RECORDS FOR THIS TASK:
=== Begin Enclosure ===

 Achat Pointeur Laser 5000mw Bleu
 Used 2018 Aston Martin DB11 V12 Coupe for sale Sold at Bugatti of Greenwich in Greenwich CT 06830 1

=== End Enclosure ===
=== Begin Enclosure ===

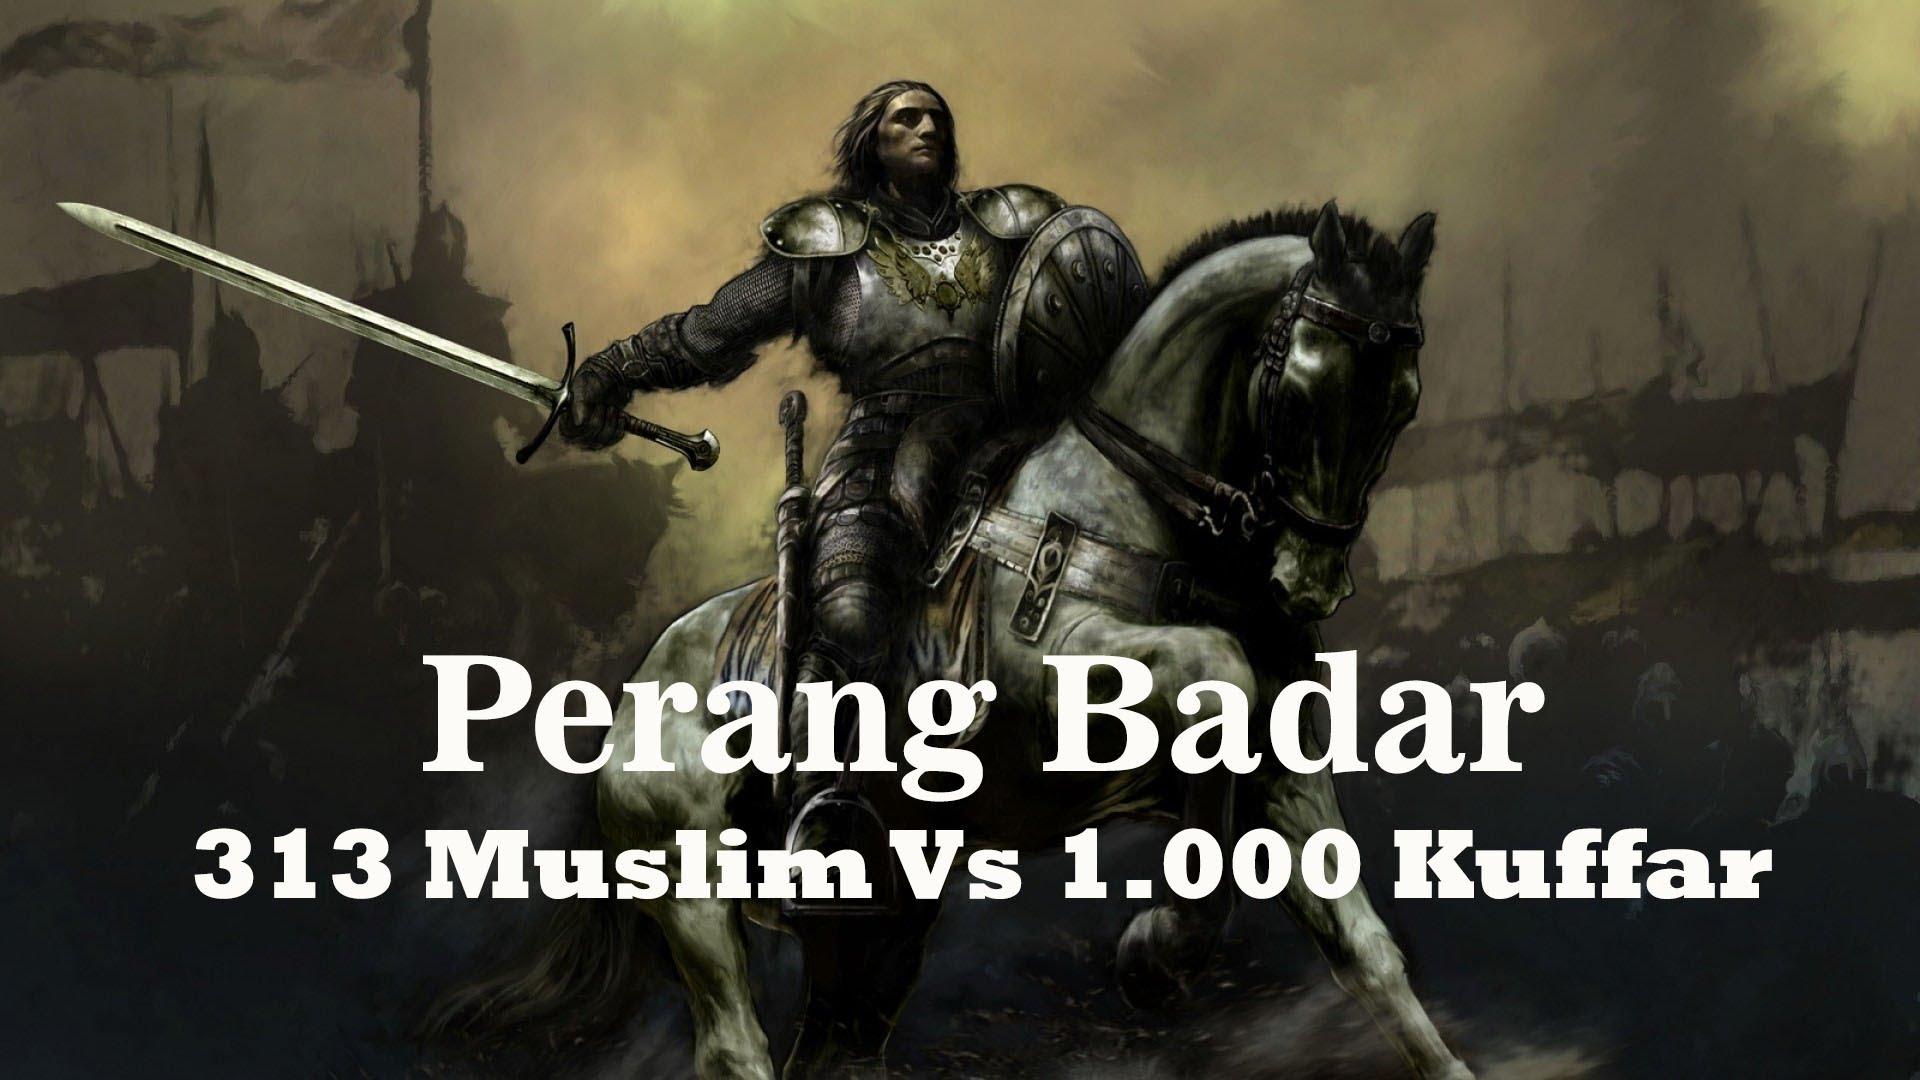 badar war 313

=== End Enclosure ===

Could you set down, exactly as written, the lines above between the one holding "Achat Pointeur Laser 5000mw Bleu" and the one holding "Used 2018 Aston", inclusive, and nothing more?

 Achat Pointeur Laser 5000mw Bleu
 Used 2018 Aston Martin DB11 V12 Coupe for sale Sold at Bugatti of Greenwich in Greenwich CT 06830 1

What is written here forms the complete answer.